In conclusion, plaintiff is entitled to summary judgment as to Counts I and II against Action Automotive in the amount of $231,416.22 and plaintiff’s actions for foreclosure of plaintiff’s security interest in all Kelly-Springfield tires and tubes sold to Action Automotive by plaintiff and currently in Action Automotive’s possession.

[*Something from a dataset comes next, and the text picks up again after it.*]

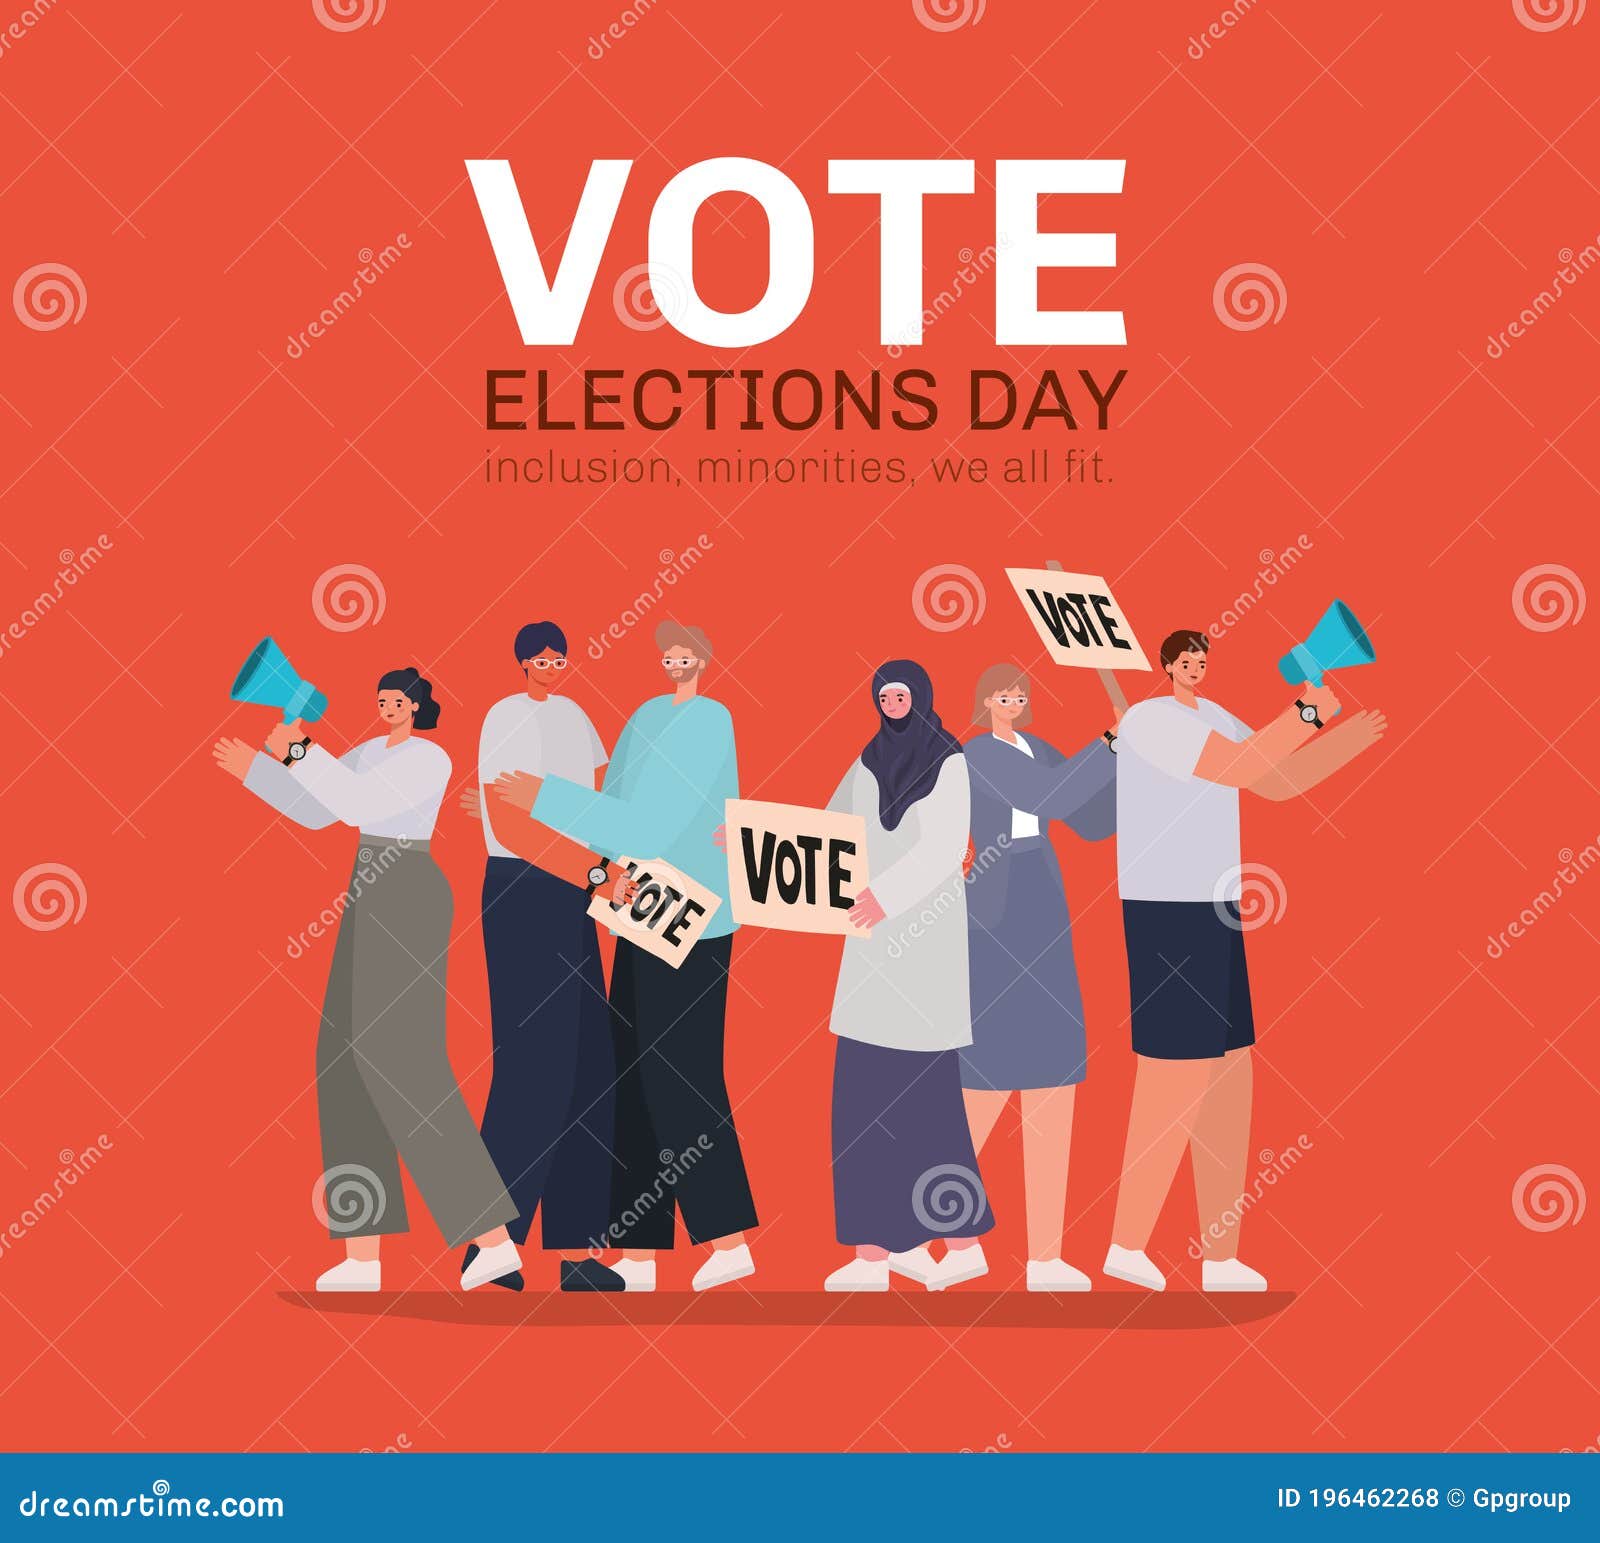 Hãy xem một hình ảnh vô cùng đặc biệt với biểu tượng phụ nữ và nam giới đang bỏ phiếu và có loa để truyền tải sức mạnh người dân. Nền đỏ lửa nóng sẽ khiến bạn tự hào về quyền dân chủ. 
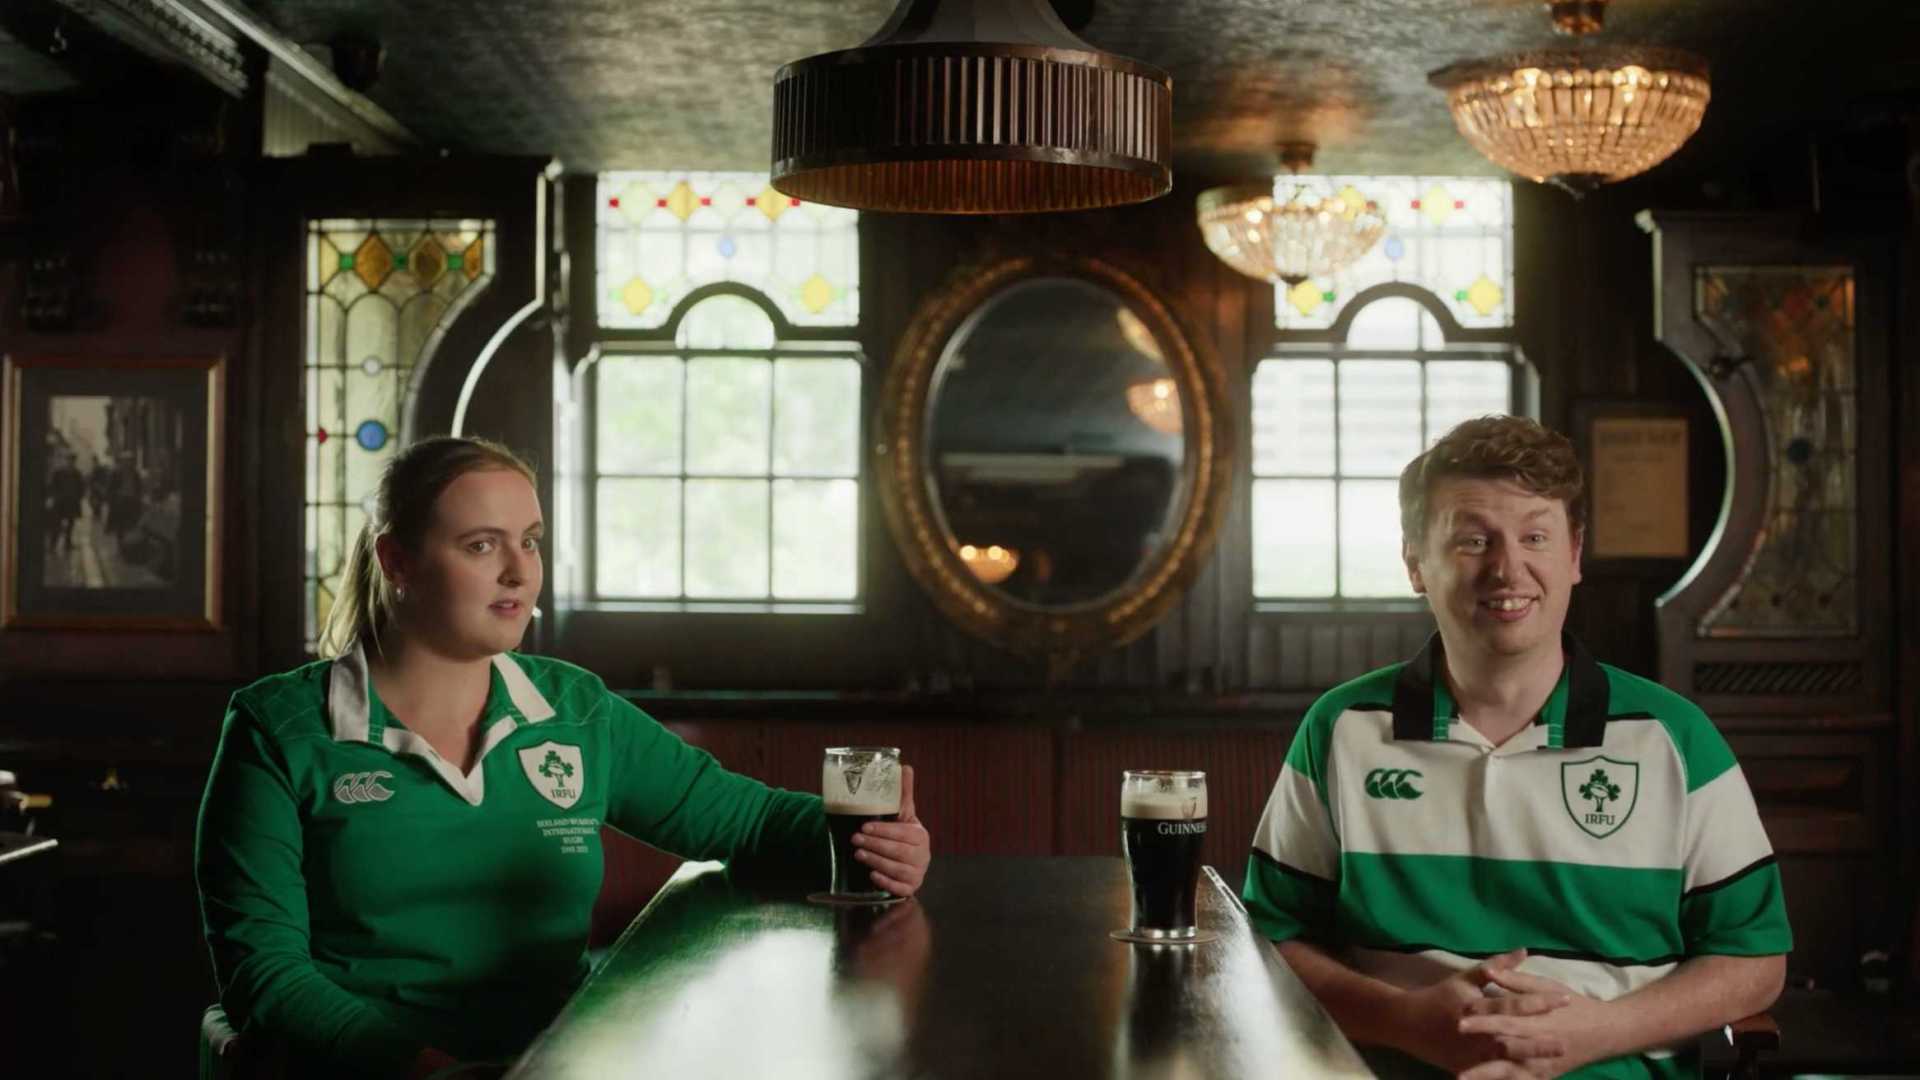 爱尔兰橄榄球联盟 IRFU创意宣传广告《别迷信》

Additionally, plaintiff is entitled to immediate possession of all collateral and any proceeds of collateral held by defendant Action Automotive in which plaintiff has a security interest and plaintiff is entitled to an accounting. Finally, because we find that each of the guaranties is supported by sufficient consideration, plaintiff is entitled to summary judgment as to Counts III-VI against defendants Action Management, Cicero, Des Plaines and Oakton, respectively, in the amount of $231,416.22. It is so ordered.3

. The guaranties in question each provide that the guaranty should be construed under Maryland law. Under the Erie doctrine, a federal court must apply the choice of law rules of the forum state to determine which state’s law to apply. Klaxon v. Stentor Manufacturing Co., 313 U.S. 487, 61 S.Ct. 1020, 85 L.Ed. 1477 (1941). In Illinois, parties may in general agree by contract that a given state’s law governs any future disputes arising out of the contract. See, e.g., Hofeld v. Nationwide Life Insurance Co., 59 Ill.2d 522, 529, 322 N.E.2d 454, 458 (1975). Therefore, under Illinois choice of law, the parties can agree that Maryland law will apply to this dispute as to the guaranties. This is not necessarily the case with the dealership agreement, as that document is silent as to choice of law. Because we resolve this matter in the manner we do, we have no reason to decide which state’s law should govern interpretation of that document.

. Defendants in their brief contend that “nothing purports to maintain or show that the consideration which supposedly supports the subsequent guaranties was ever conveyed." Yet, in their answer defendants never denied that Action Automotive was not indebted to plaintiff, only that Action Automotive was not indebted to plaintiff for the amount plaintiff initially claimed. Because averments in a pleading to which a responsive pleading is required, other than those as to the amount of damages, are admitted when not denied in the responsive pleading, the fact that Kelly-Springfield did extend credit to defendant Action Automotive is admitted. Fed.R.Civ.Pro. 8(d).

. Plaintiff has requested that this Court award plaintiff attorney’s fees incurred in opposing defendants’ motion for reconsideration for sanctions against defendants for their failure to comply with the Court’s Order of June 27, 1986, and the attorneys fees incurred in obtaining this Court’s Orders of June 27 and July 8. That request is hereby granted pursuant to Fed.R. Civ.P. Rules 37(a)(4) and (b)(2), and plaintiff is entitled to recover such fees jointly from all defendants and their attorneys.